In the old days beginners who encountered this problem used to be referred to “What every scientist should know about floating point numbers” (or thereabouts, title from fallible memory).
In the last few years I have been criticized for giving that reference, because real technical stuff and so on is, allegedly, too hard for today's students. And people have suggested more easy to digest alternatives, sort of like Wikipedia's simple edition. However, I can't remember any of them.

How to override the floating point tolerance in the boost::geometry::equals algorithm?

I am using the boost geometry library to compare two different polygons. Specifically, I am using the equals algorithm to see if two polygons are congruent (equal dimensions).
The problem is that the tolerance on the algorithm is too tight and two polygons that should be congruent (after some floating point operations) are not within the tolerance defined by the algorithm.
I'm almost certain that the library is using std::numeric_limits<double>::epsilon() (~2.22e-16) to establish the tolerance. I would like to set the tolerance to be larger (say 1.0e-10).
Any ideas on how to do this?
EDIT: I've changed the title to reflect the responses in the comments. Please respond to the follow-up below:
Is it possible to override just the boost::geometry::math::detail::equals<Type,true>::apply function?
This way I could replace only the code where the floating point comparison occurs and I wouldn't have to rewrite a majority of the boost::geometry::equals algorithm.

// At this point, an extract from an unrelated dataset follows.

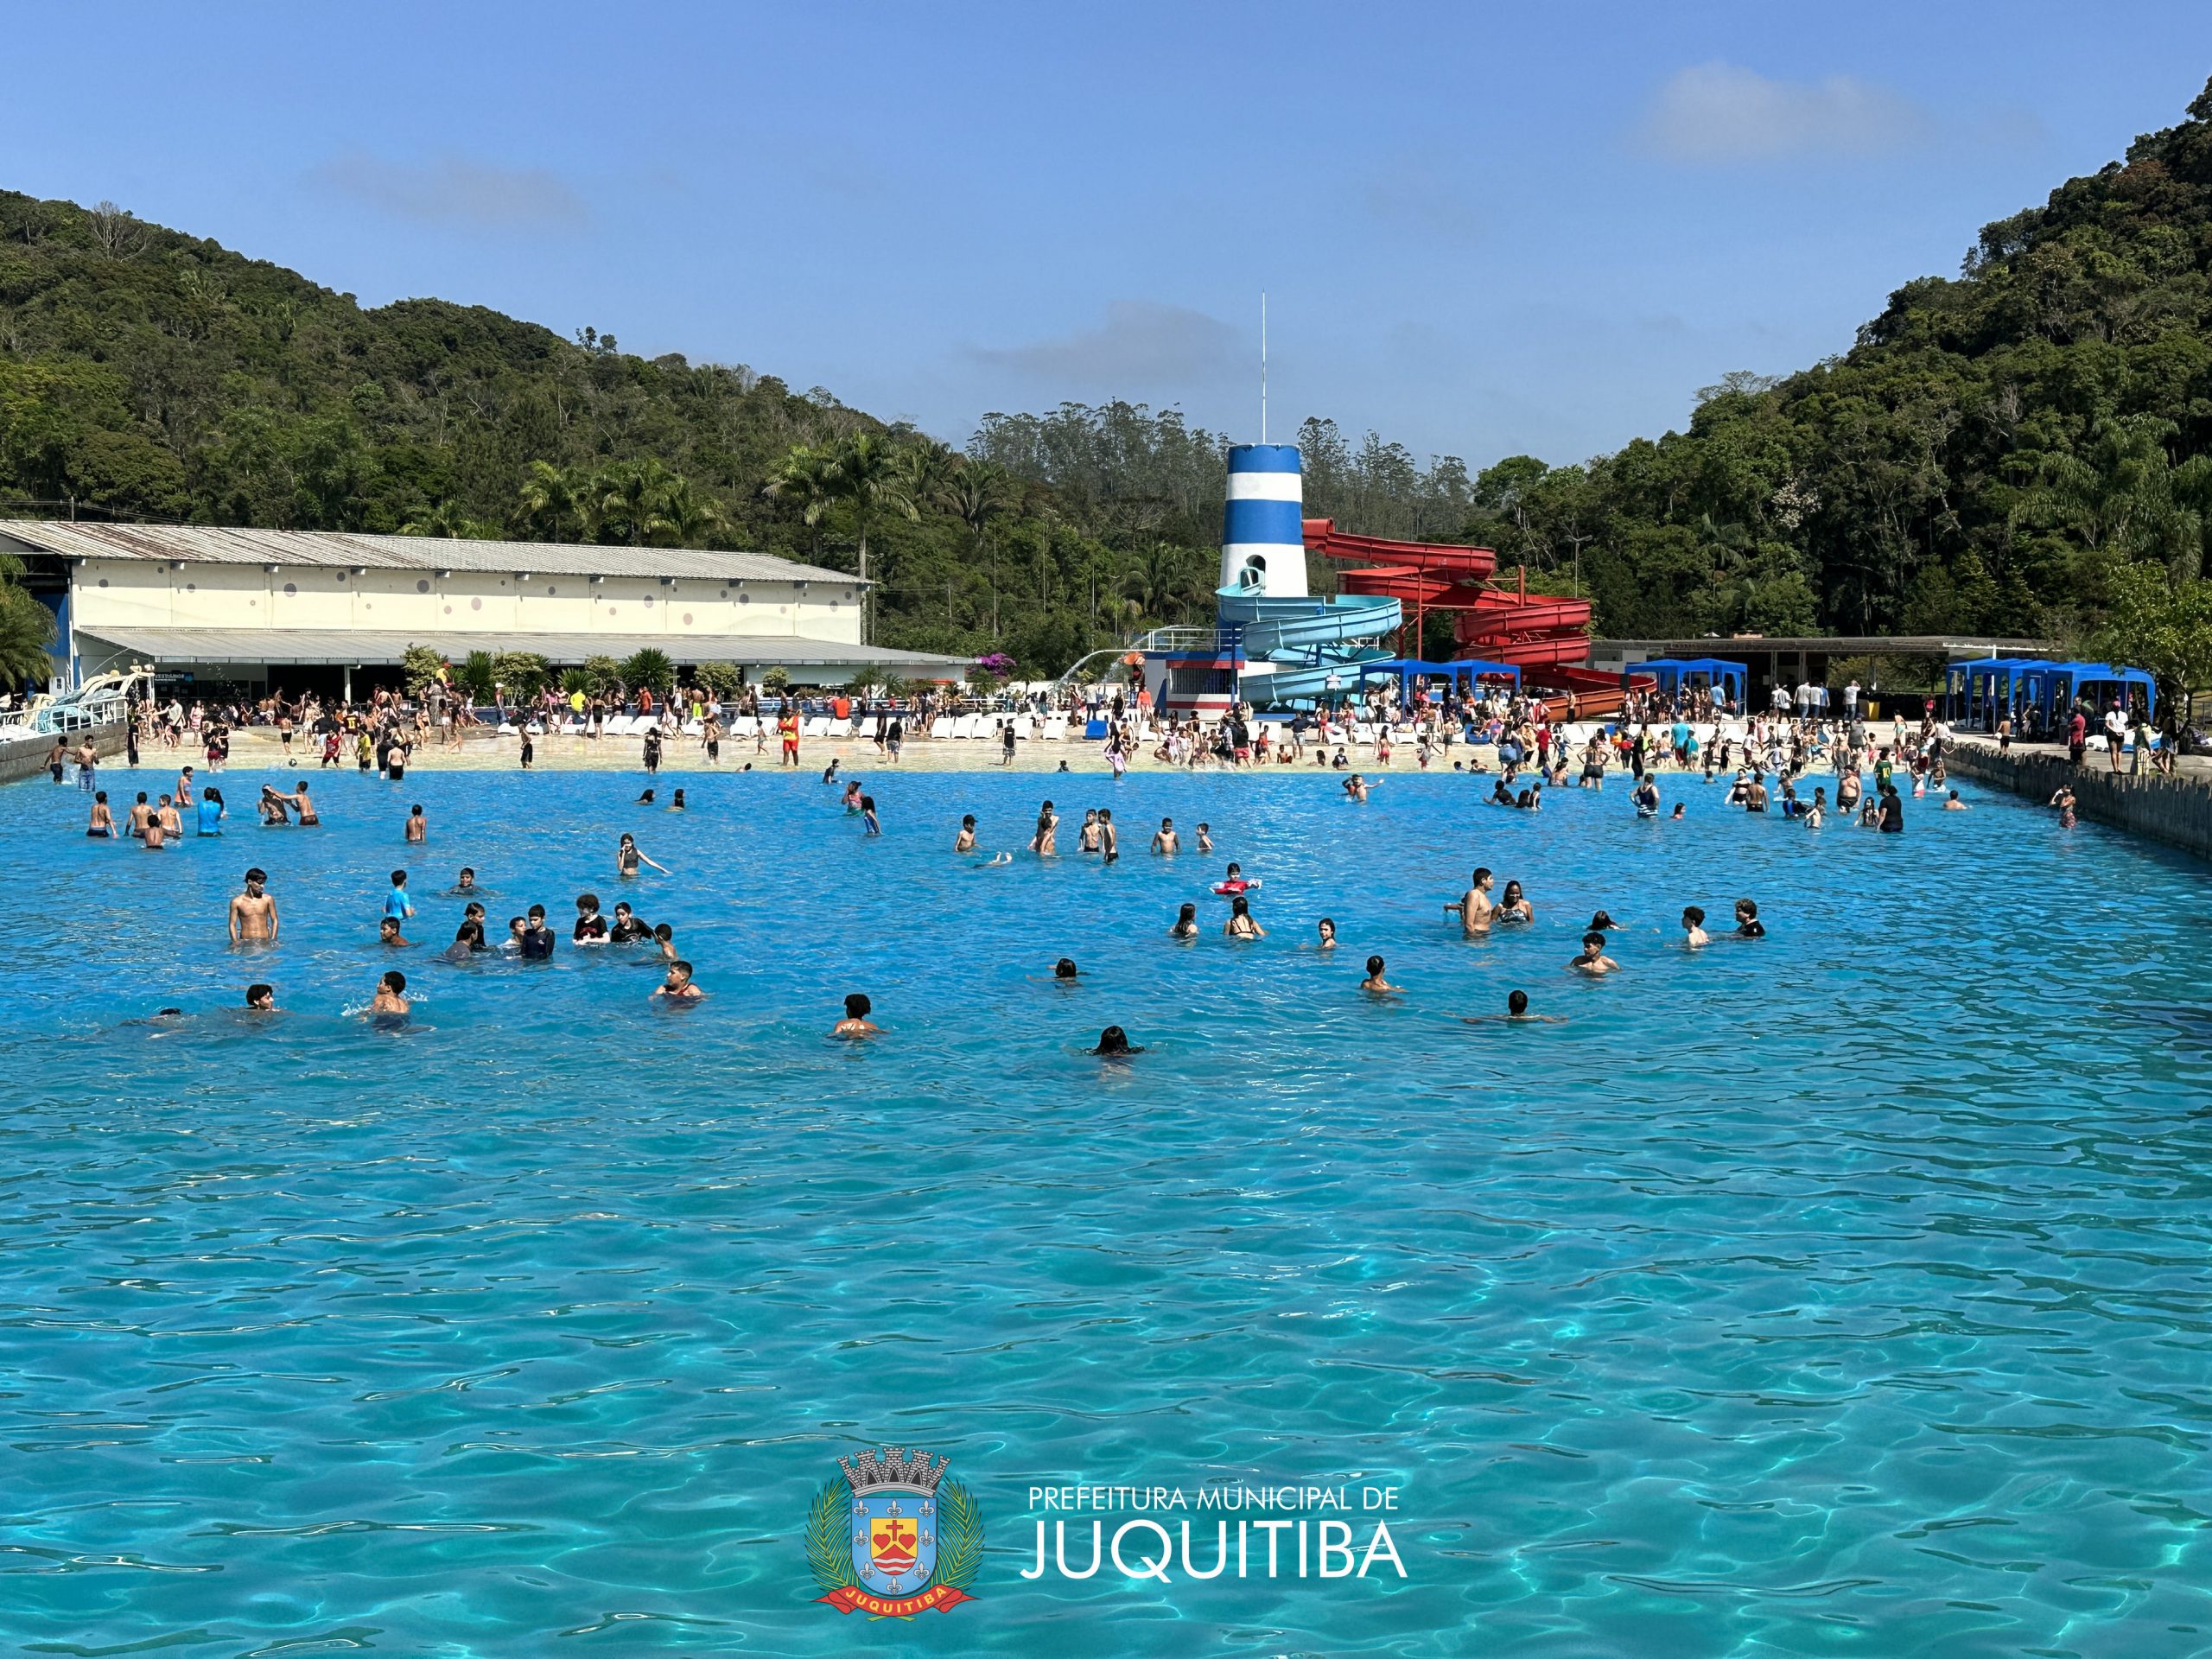 Viva Parque - Parque Aquático - Juquitiba - SP - www.juquitiba.tur.br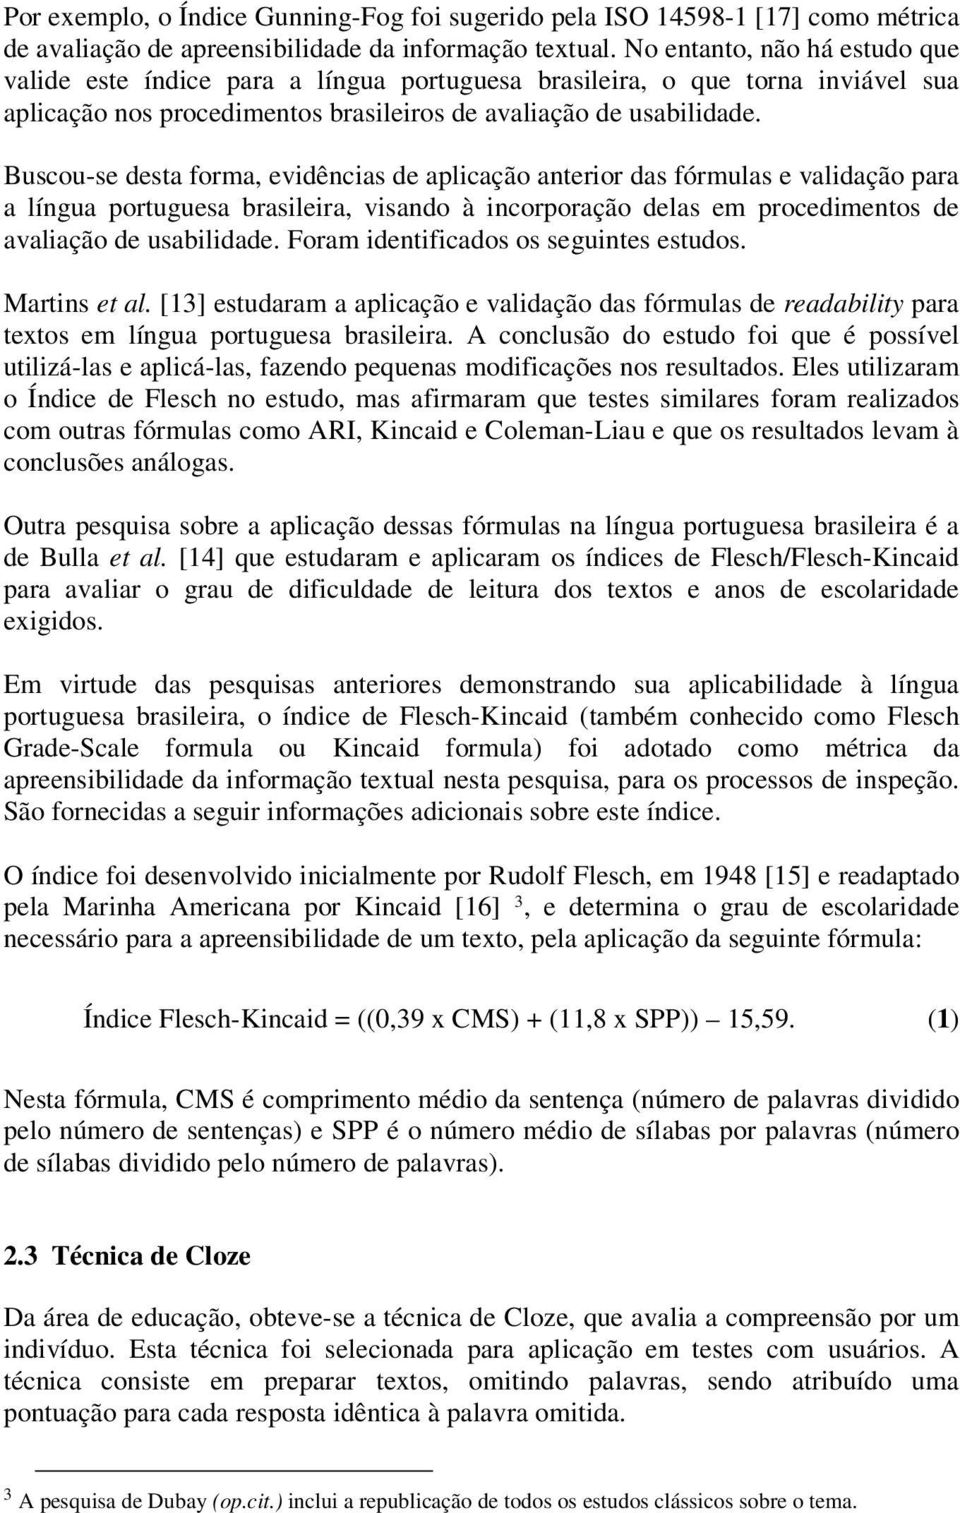 Buscou-se desta forma, evidências de aplicação anterior das fórmulas e validação para a língua portuguesa brasileira, visando à incorporação delas em procedimentos de avaliação de usabilidade.

For reference, here is the current code from the boost library:
template <typename Type, bool IsFloatingPoint>
struct equals
{
static inline bool apply(Type const& a, Type const& b)
{
return a == b;
}
};
template <typename Type>
struct equals<Type, true>
{
static inline Type get_max(Type const& a, Type const& b, Type const& c)
{
return (std::max)((std::max)(a, b), c);
}
static inline bool apply(Type const& a, Type const& b)
{
if (a == b)
{
return true;
}
// See http://www.parashift.com/c++-faq-lite/newbie.html#faq-29.17,
// FUTURE: replace by some boost tool or boost::test::close_at_tolerance
return std::abs(a - b) <= std::numeric_limits<Type>::epsilon() * get_max(std::abs(a), std::abs(b), 1.0);
}
};
The mentioned code can be found in boost/geometry/util/math.hpp, currently in Boost 1.56 or older (here on GitHub).
There is a free function boost::geometry::math::equals() calling internally boost::geometry::math::detail::equals<>::apply(). So to change the default behavior you could overload this function or specialize the struct for some coordinate type or types. Have in mind that in some algorithms that type may be promoted to some more precise type.
Of course you could also use your own, non-standard coordinate type and implement required operators or overload the function mentioned above.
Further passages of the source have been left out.